Sustainability Master Plan Update 10.22.18

The University of Texas at Austin met important benchmarks since adopting the Sustainability Master Plan two years ago. Consistent effort by members of the campus community has led to UT Austin’s third STARS Silver rating from the Association for the Advancement of Sustainability in Higher Education (June 2018), and UT is on track for STARS Gold by 2020. The President’s Sustainability Steering Committee is updating the campus sustainability policy and connecting staff and faculty to sustainability decision making on campus.

A fundamental aspect of sustainability is culture change, from the institution to the individual. UT is committed to integrate sustainability into the student experience as attested by a new Living Learning Community (Housing and Dining, 2017), graduate student networking around sustainability research (Sustainability on Tap, 2017), the development of curriculum linked to sustainability (funded by the Mitchell Foundation), and a renewed interest in campus as a living lab. The launch of Plant Texas 2050 illustrates the university’s commitment to collaborative faculty research and grand challenges like large scale resiliency.

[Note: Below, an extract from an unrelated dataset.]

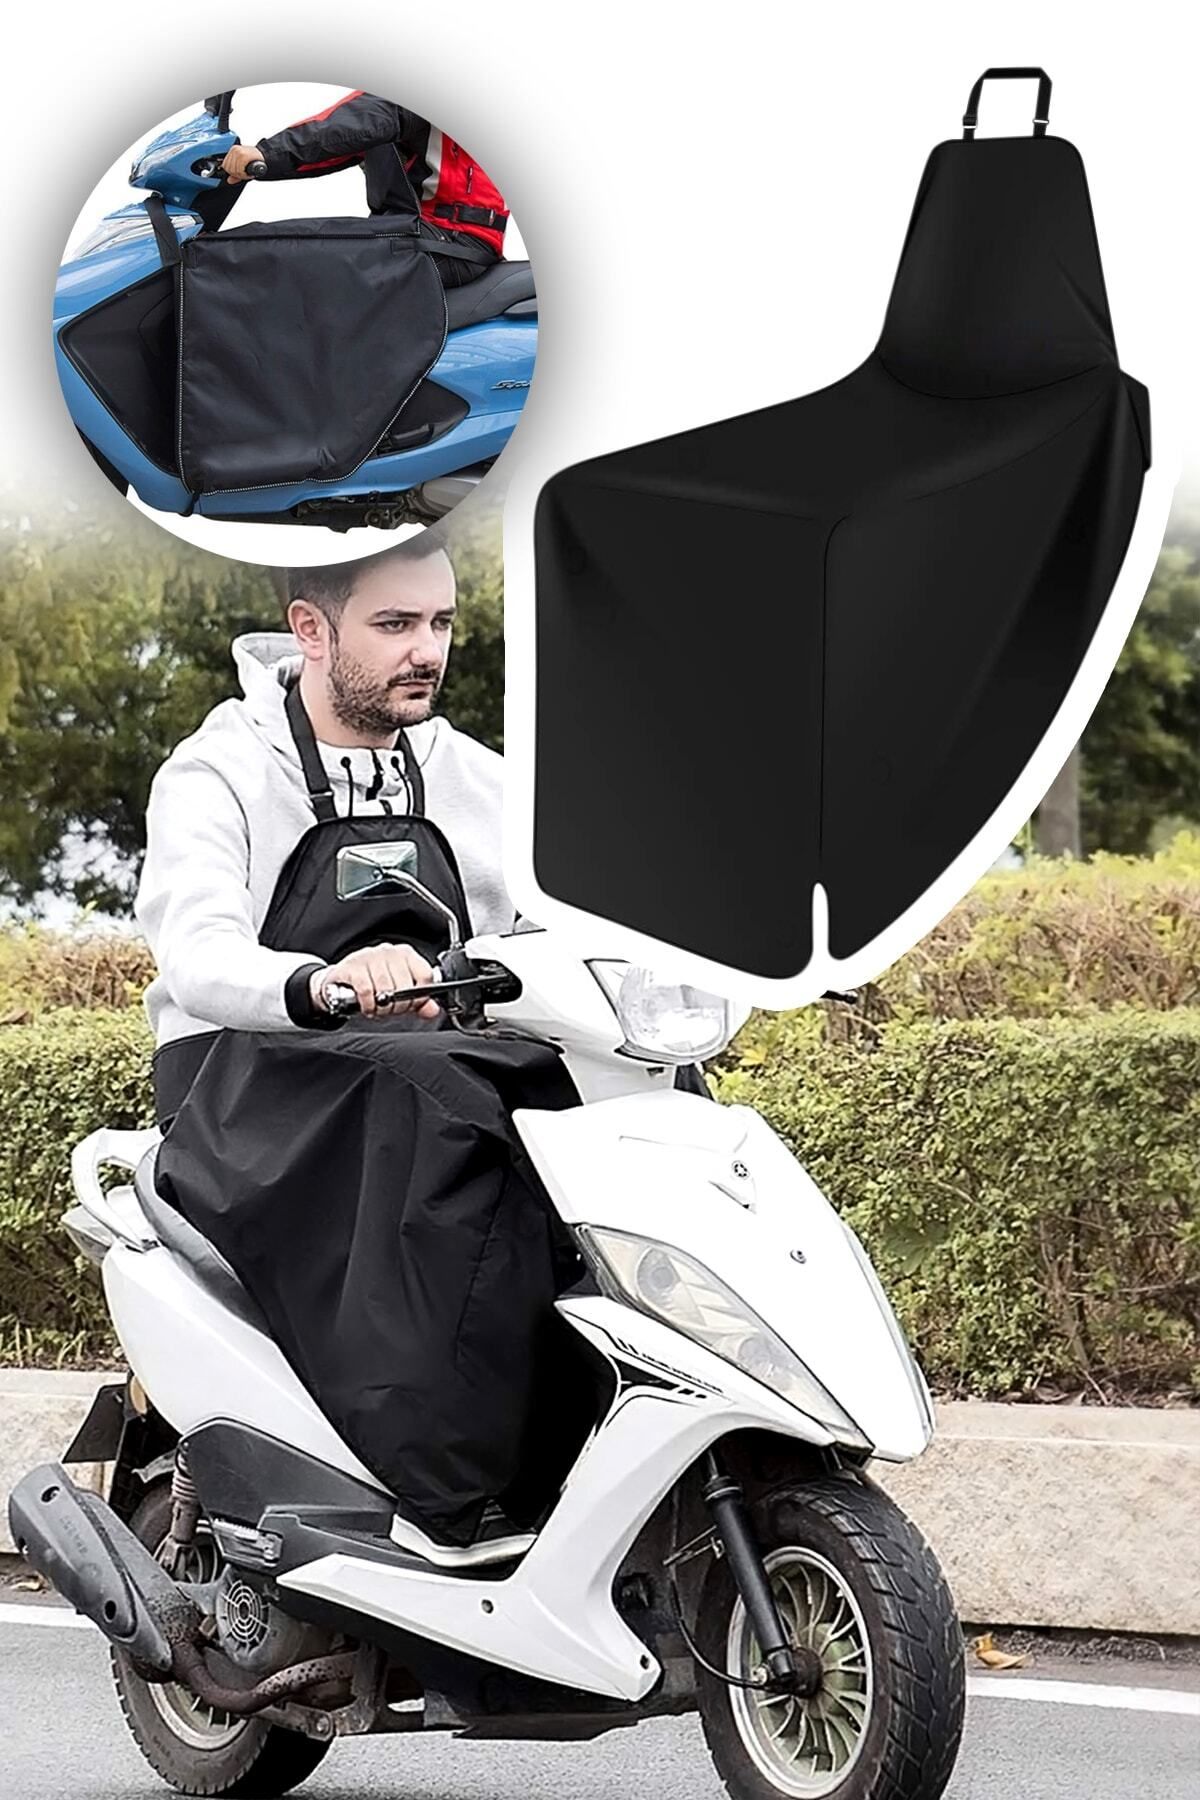 Bundeba Scooter Diz Koruma Örtüsü Motorsiklet Dizlik Yağmur Soğuk Rüzgar Önleyici Rüzgarlık Vücut Koruma

Conservation efforts continue across campus: UT met its 20% reduction in demand-side energy consumption two years early; zero waste efforts are growing with Athletics at the forefront (Green Sports Alliance Innovator of the Year, 2018); campus achieved SITESv2 Gold certification for the 16-acre Health District; and the Waller Creek Framework Plan should be finalized by the end of this year. UT surpassed 3.5 million square feet of LEED-certified green building space, and new building and purchasing standards are currently being developed for campus.

After spurring much of the sustainable change on campus with over three million distributed in awards, the Green Fund continues to be vital for launching environmental and broader sustainability projects and research. At the same time, UT is pursuing external corporate and foundation partners to diversify funding.

Any good plan—like this one—envisions goals for a desired future that seem unattainable at the moment. Several goals require ongoing conversation. Examples are defining and incorporating sustainability deeper into academic life and—building on recent successes in conservation— maintaining our focus on water conservation, energy efficiency, zero waste, and food recovery. Perhaps the biggest aspiration in this plan is cultivating civil discourse across campus around what some see as a challenge to UT’s traditional identity: the university’s role and responsibility in the classroom, lab, and machine room relative to climate change.